In 2007, amendments were made to the system that allowed access to public areas of larger communities without a permit. Permits to visit land outside these public areas is still required. In accordance with the wishes of traditional owners, however, many visitors to communities apply for permits even if not required to assure themselves of the consent of residents. The CLC appreciates these displays of goodwill.

Nonetheless, the CLC believes that changes to the permit system have led some to assume they are free to visit Aboriginal land outside communities as well. Traditional owners are particularly concerned about theft of equipment (most commonly solar panels and bore equipment) and damage to sacred sites.

Figure 3. Permit data, 2016–17

Figure 3. Permit data, 2016–17


Table 3. Permit applications for the last eight years

Permits

2009–10

2010–11

2011–12

2012–13

2013–14

2014–15

2015–16

2016–17

Entry

475

427

495

634

913

670

678

658

Mining

372

273

270

349

710

405

266

910

Transit

2,908

3,079

3,232

3,211

2,996

3,552

4,008

4,293

Total permits issued

3,755

3,779

3,997

4,194

4,619

4,627

4,952

5,861

Entry and special purpose permits

Julie Clyne, Bruce Breaden and Hubert Pareroultja (with Watarrka ranger Amber Clarke) contributed ideas for the design of the visitor information shelter at Watarrka.

Julie Clyne, Bruce Breaden and Hubert Pareroultja (with Watarrka ranger Amber Clarke) contributed ideas for the design of the visitor information shelter at Watarrka.

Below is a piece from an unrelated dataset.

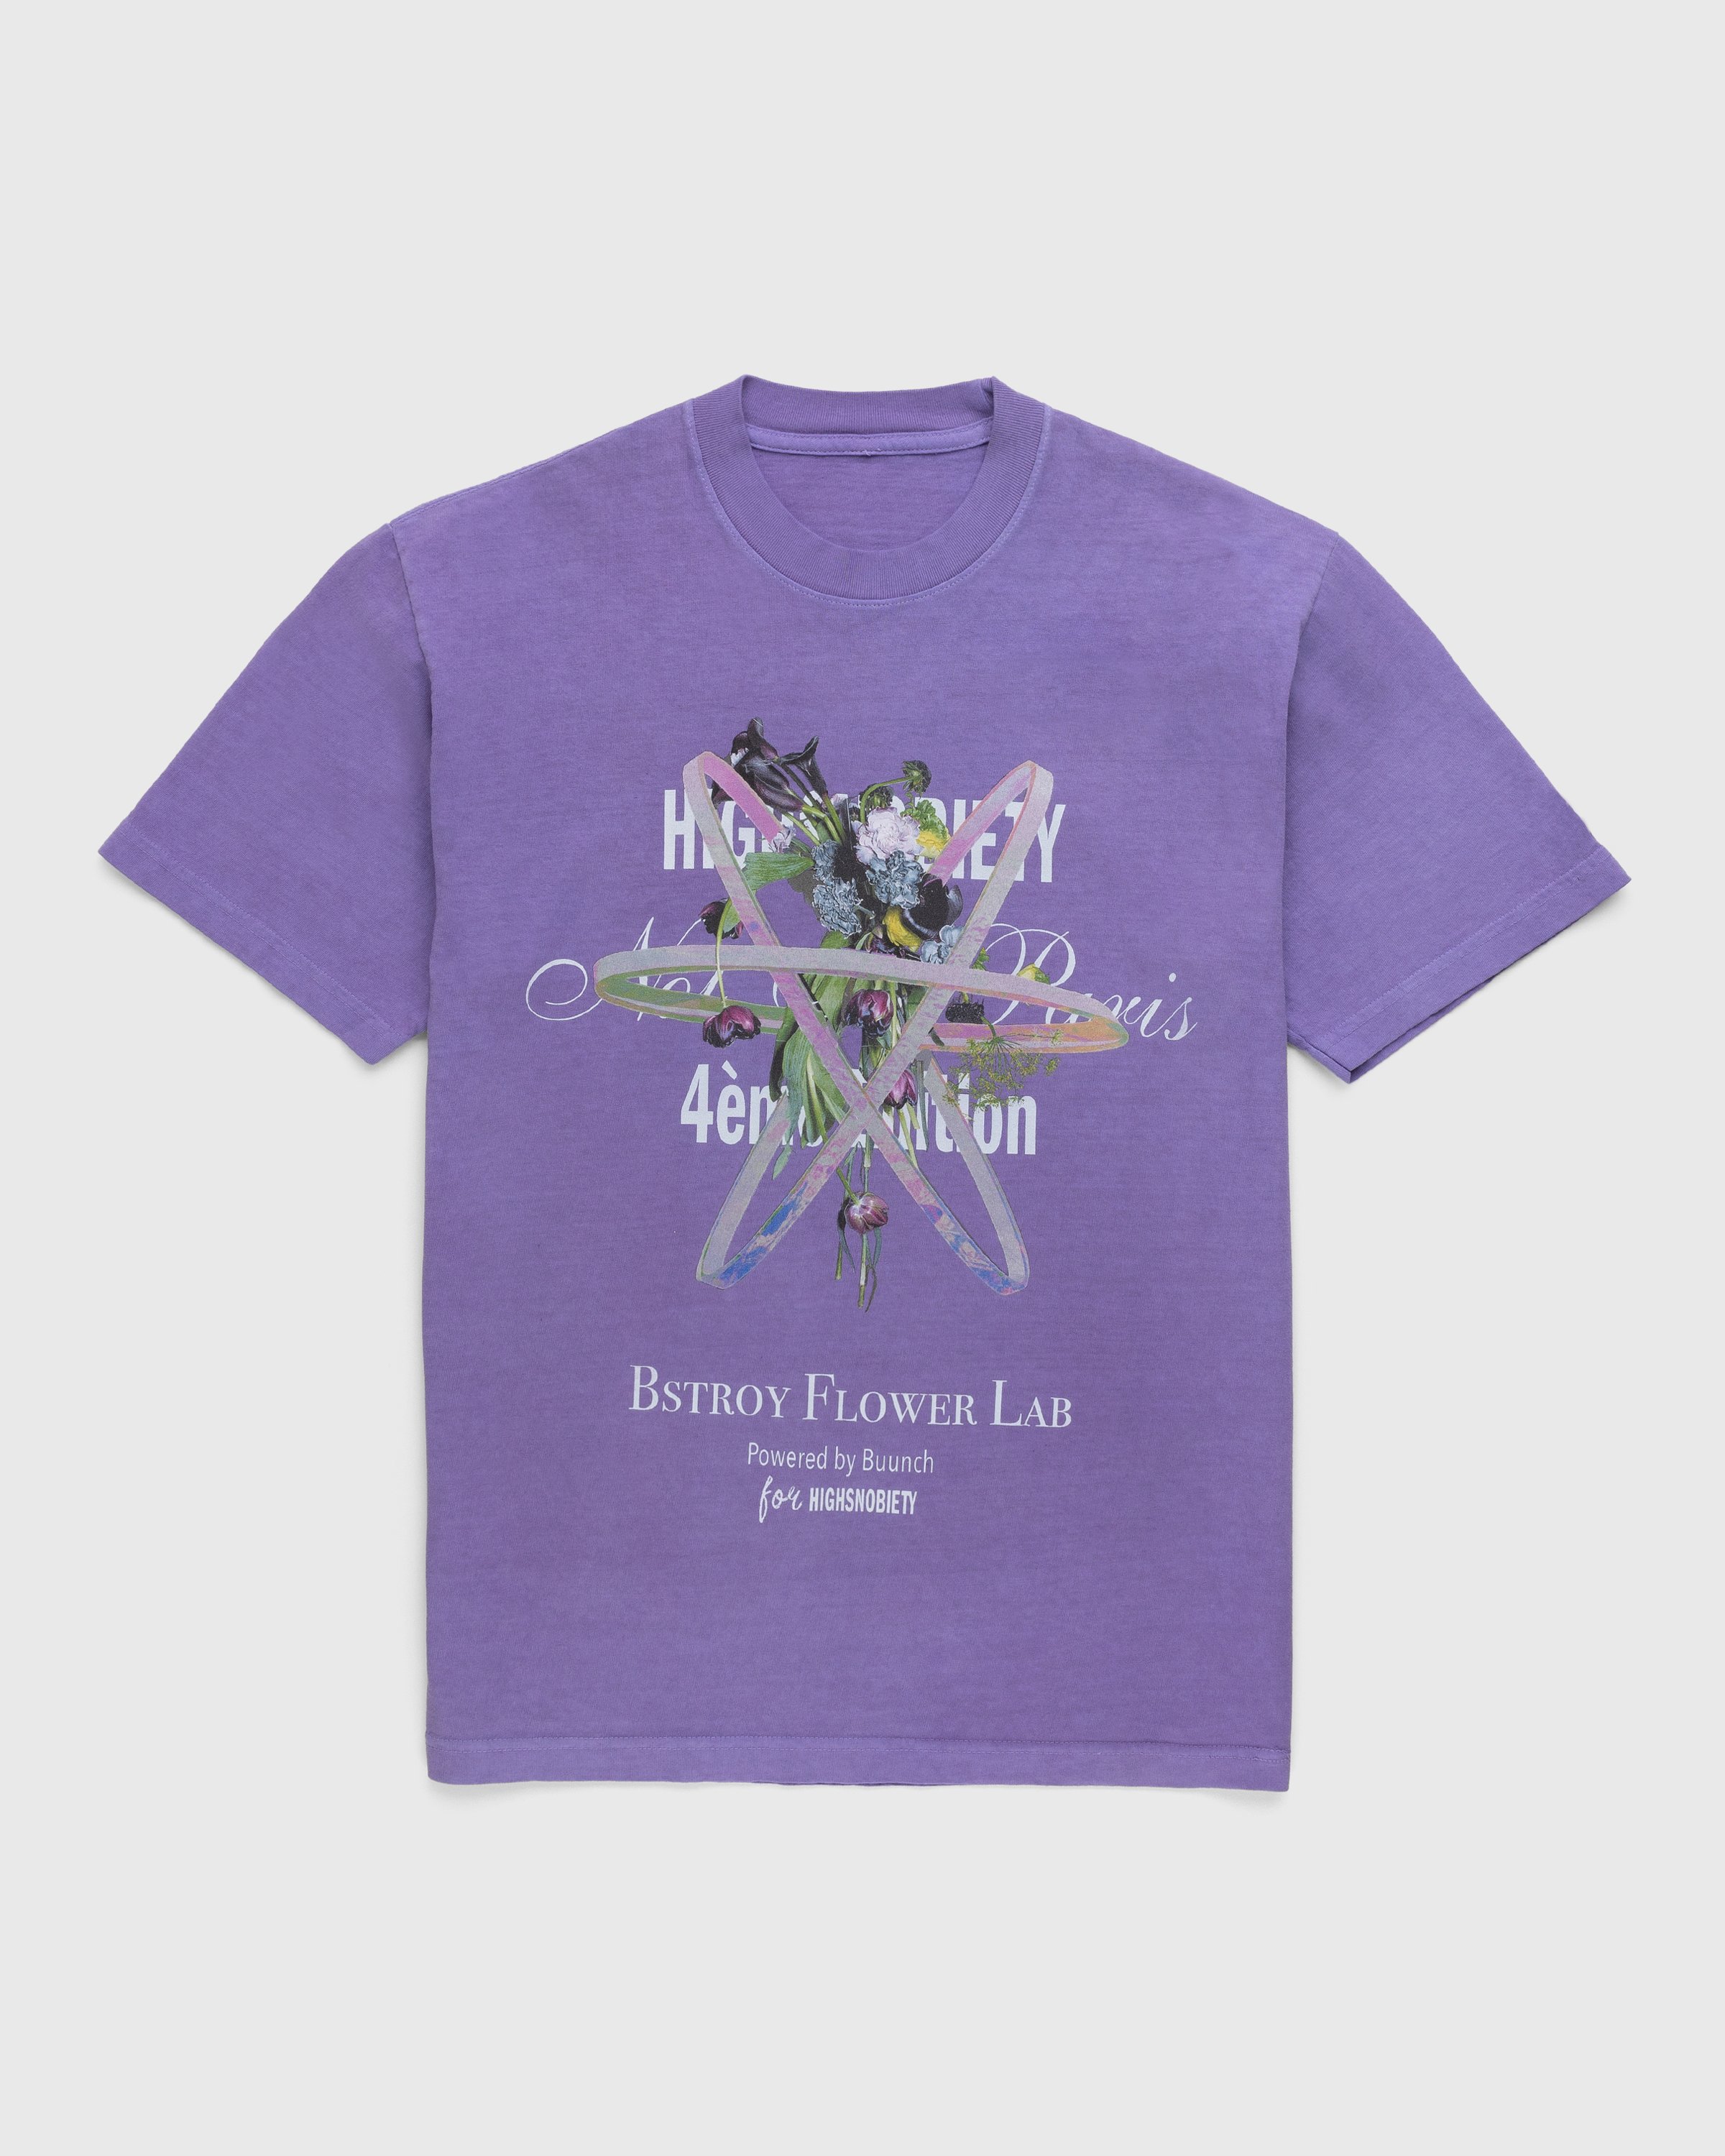 Bstroy x Highsnobiety - Not In Paris 4 Flower T-Shirt Lavender - Clothing - Purple - Image 1

In spite of the small number of applications for entry and special purpose permits, the work of processing them takes up a significant amount of staff time and resources. The CLC consulted with traditional owners and negotiated with proponents about special purpose and entry permit applications.

The applications were, as ever, very diverse. They included land management activities at Salt Springs on the Santa Teresa Aboriginal Land Trust (ALT), a research project on Emily Kngwarreye, research on fossils in the Cleland Hills on the Haasts Bluff ALT, and tourist access to Hatches Creek, Anurrete ALT.

Discussions were ongoing with traditional owners concerning the development of a new permit system for visitors wishing to drive the Madigan Track, which crosses the Atnetye ALT.

Additional ‘restricted entry’ signs were installed in an effort to reduce the incidence of illegal entry onto Aboriginal lands. Traditional owners reported illegal shooting on the Petermann ALT and, in response, signs were erected at entry points to remind visitors of the need to obtain a permit.

Aboriginal land under joint management received 29 permit applications requiring consultations through the Parks and Wildlife Commission of the NT (PWCNT) for NT parks and reserves.

Tourism related permit requests included one from a 4WD tour group to visit the Petermann ALT (guided by a traditional owner), one from SEIT Outback Australia to visit the Petermann ALT as far as Patji in partnership with Uluru Family Tours, and one from Uluru ATV Adventures to visit the Katiti ALT.